The case of Macteldir v Dimovski [2003] FCAFC 228 was a section 22 case which went the other way but upon the basis of a number of very clearly distinguishable factual considerations. The view of the majority in Darling Downs (supra) was specifically endorsed at [50]. Critically, the cause of action was at an end when enforcement was sought (see [53]); involved undertakings and not orders ([51]); and were properly characterised as involving matters extraneous to the original suit in respect of which substantial questions remain to be determined ([52]).
Nevertheless, the case emphasises the existence of a discretion as to whether enforcement will be granted and describes matters which might be thought relevant to the exercise of the discretion ([40] and [39]).
The respondent argues that the relief pursuant to section 14 of the Federal Magistrates Act should be refused. She says that the agreement reached at mediation was made by her only because she was misled by the applicant’s solicitors on that day as to the true state of affairs pertaining with respect to Mr Favotto's application for annulment of his bankruptcy in this Court (of which application, more hereafter).
Ms Brown was aware that Favotto had filed such an application. It was clearly capable of having a significant impact upon the course of the proceedings involving her and the trustee. Almost inevitably the trustee's application pursuant to sections 120 and 121 would fail or would be discontinued should Favotto's bankruptcy be annulled.
It will be recalled that the settlement was reached on 27 February 2004.
Favotto's application was before the court on 10 February 2004. He was represented by a legal practitioner. He applied through her for an adjournment. It was refused. In fact, his annulment application was dismissed. He was given, however, liberty to reinstate the application by written application made before 10 March 2004.
Ms Brown says that through her solicitor Ms McCrohan and during the course of the mediation on 27 February 2004 she inquired of Ms Moat, one of the legal practitioners representing the applicant, as to the outcome of Favotto's application and was told that Favotto had not turned up and that his application had been dismissed. She says therefore that she was not told that he did have a lawyer present on the day and was not told of the liberty to apply having been granted.
On account of the pressure to settle exerted upon her at the conference and the stressful nature of the proceedings in which her continued ownership of her house was at risk, these alleged misrepresentations, she said, had a significant impact upon her. She felt very upset and shocked and thought that all hope for her defence of the proceedings had gone. Only on account of these misrepresentations did she elect to settle the matter on the terms described.
If the truth of this account and the materiality of the representation is admitted, then the consent to the agreement must be vitiated just as it would be if the outcome had been an order having been made by consent. The consent must be informed and not the product of false representations or inducements. In any event, use could not be made of section 14 in that it could not be said that the claim for enforcement in such circumstances was "properly brought forward" by the applicant.

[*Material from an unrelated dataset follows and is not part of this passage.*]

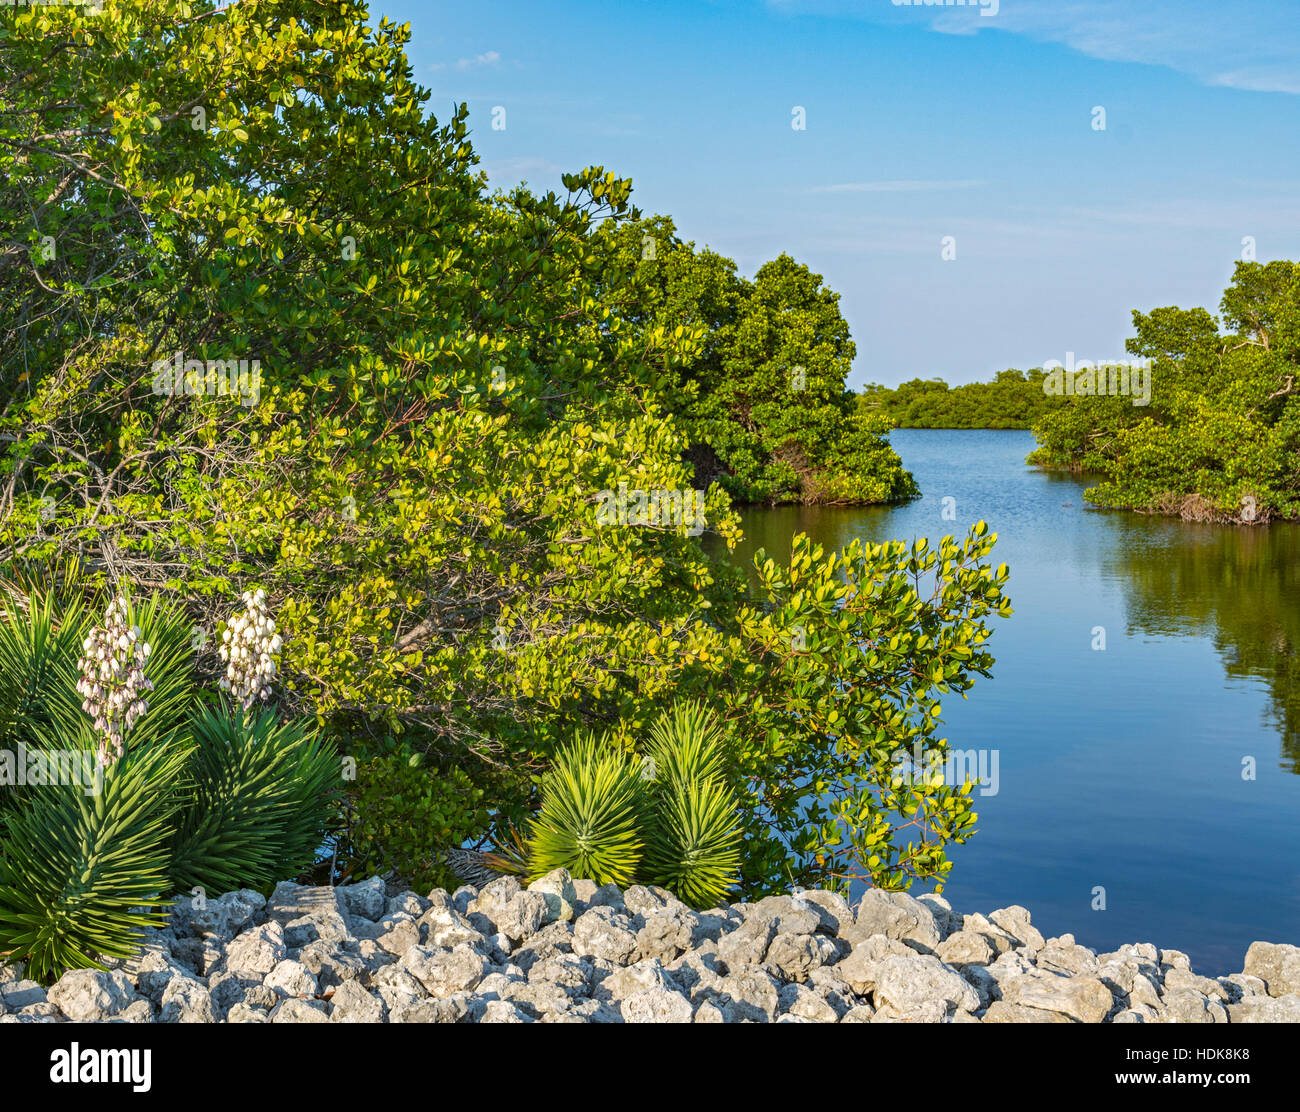 Florida, Sanibel Island, J.N. "Ding" Darling National Wildlife Refuge, vista desde la unidad de Vida Silvestre, palmeras, manglares Foto de stock

But the respondent's account is disputed as are the materiality of the representations.
There will be cases where the agreement itself is so controversial and attended with so much doubt that the court will not embark upon a determination of the enforcement application pursuant to section 14 at all. Here, I had to hear the evidence of the events of the day of the mediation in a summary procedure clearly contemplated by the judgments in Darling Downs and Macteldir (supra). It was proper and convenient to do so. The issues were clearly staked out. In the end result, I entertained no doubt as to the appropriateness of holding the parties to the agreement reached at mediation.
Ms Moat denied that she gave other than an accurate account of the outcome of the Favotto hearing on 10 February 2004 to Ms Brown's solicitors but even if I did not accept her evidence (and I do, in preference to that of Ms Brown, for reasons I will discuss shortly), I do not consider there was any material difference between what actually occurred on 10 February 2004 and what Ms Brown claims to have been told as having occurred. It was agreed before me that Favotto terminated his lawyer's instructions shortly after 10 February 04 and reinstated his application pursuant to the liberty to apply to do so. The application was ultimately dismissed after a number of applications for adjournment had been made by Mr Favotto and refused by the Court. His appeal from that dismissal has itself been dismissed. On both versions of what transpired on 10 February, the respondent is informed of the dismissal of the action. Whether Favotto had a lawyer present (shortly thereafter to be dismissed) can hardly be seen to be of any moment. The one thing missing from Ms Moat's information as described by the respondent (who herself relied on Ms McCrohan's account to her) is the opportunity to reinstate having been granted, and we know that ultimately that opportunity has been taken but without success.
But even if I am wrong about the materiality, I simply did not accept the respondent's account of these matters for the following reasons.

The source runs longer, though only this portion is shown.